L’economia palestinese potrebbe crescere in modo vertiginoso, anche di un terzo in breve tempo, se non ci fossero le restrizioni imposte dall’occupazione militare israeliana sul 60% della Cisgiordania: la cosiddetta area C dei territori occupati sotto il controllo esclusivo di Israele.
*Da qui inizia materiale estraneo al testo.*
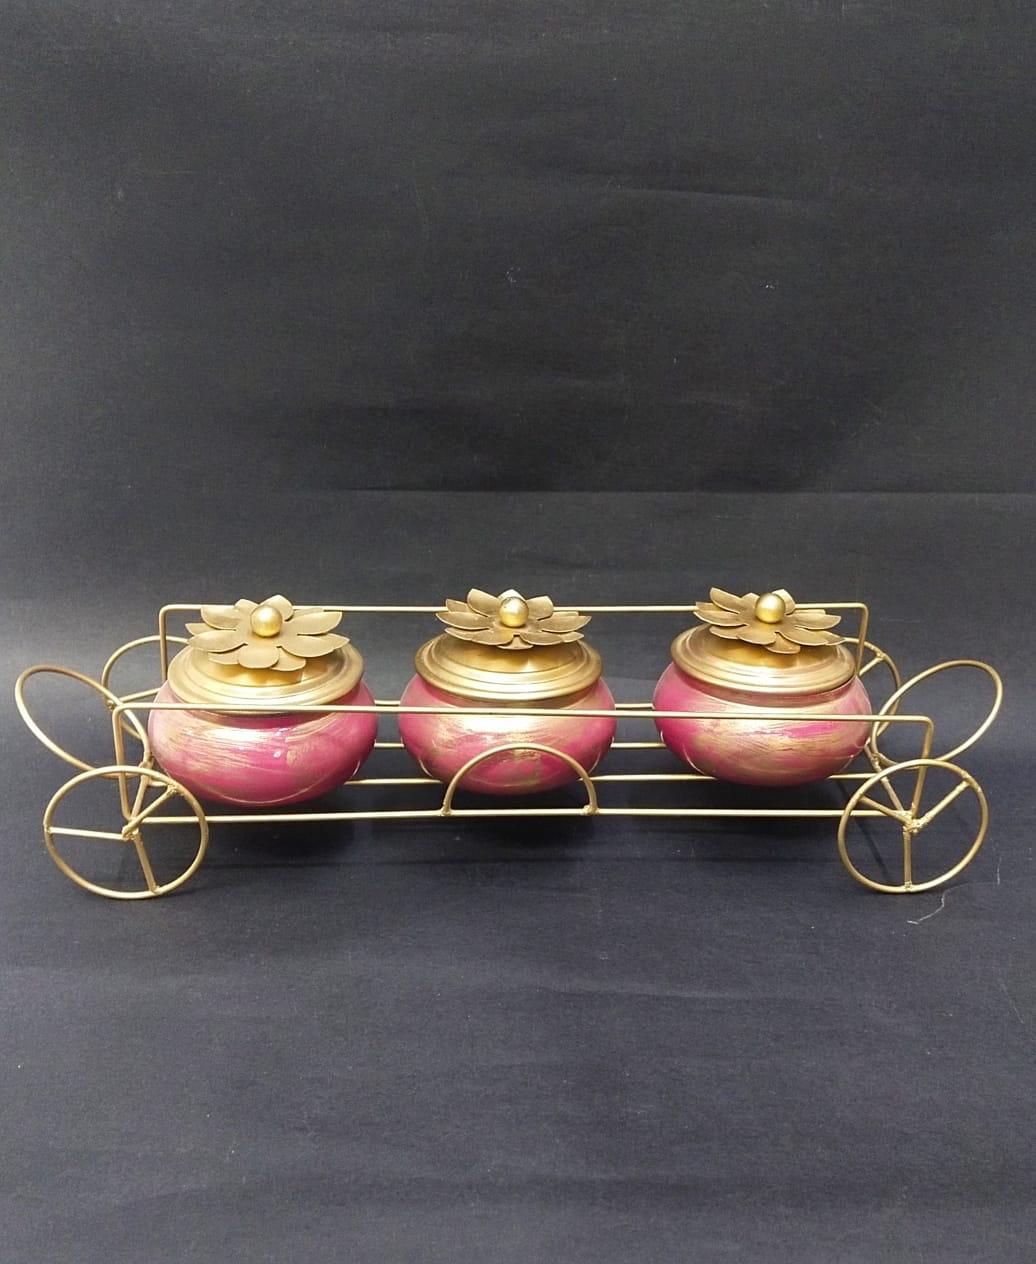 Trolley Style Storage Jars In Golden & Pink Finish Metallic Make By Tamrapatra

Lo scrive in un rapporto appena pubblicato dalla Banca mondiale. «Più della metà della Cisgiordania, un buona parte della quale ricca di potenzialità agricole e di risorse, è inaccessibile ai palestinesi», denuncia la Banca mondiale che stima in 3,4 miliardi di dollari il mancato introito dovuto all’occupazione israeliana.
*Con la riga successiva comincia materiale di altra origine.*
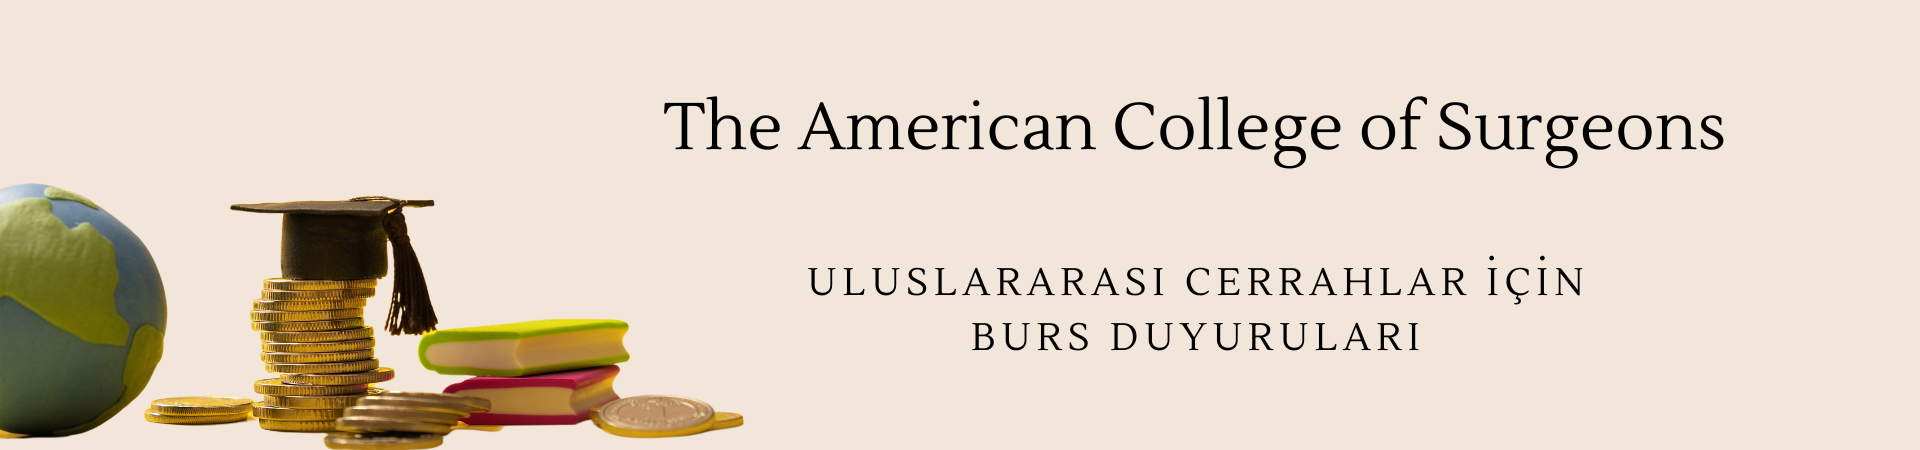 The American College of Surgeons Bursları

Se fosse autorizzato lo sviluppo dell’imprenditoria locale e sfruttamento agricolo nell’area C, il Pil palestinese crescerebbe d’un balzo di un 35 per cento, sottolinea l’istituzione finanziaria.  A favorire questa crescita – spiegano gli autori del rapporto – sarebbero l’agricoltura e lo sfruttamento dei minerali delle rive palestinesi del Mar Morto, laddove venissero eliminati sia le restrizioni di movimento e accesso in vigore e gli altri ostacoli amministrativi agli investimenti e alle iniziative economiche palestinesi nell’area C. Ciò migliorerebbe di molto, grazie a queste entrate supplementari, la situazione delle casse pubbliche palestinesi. Vi entrerebbero almeno 800 milioni di dollari, sostiene la Banca mondiale, una somma in grado di alleggerire notevolmente la dipendenza dell’Anp di Abu Mazen dall’intervento dei donatori stranieri.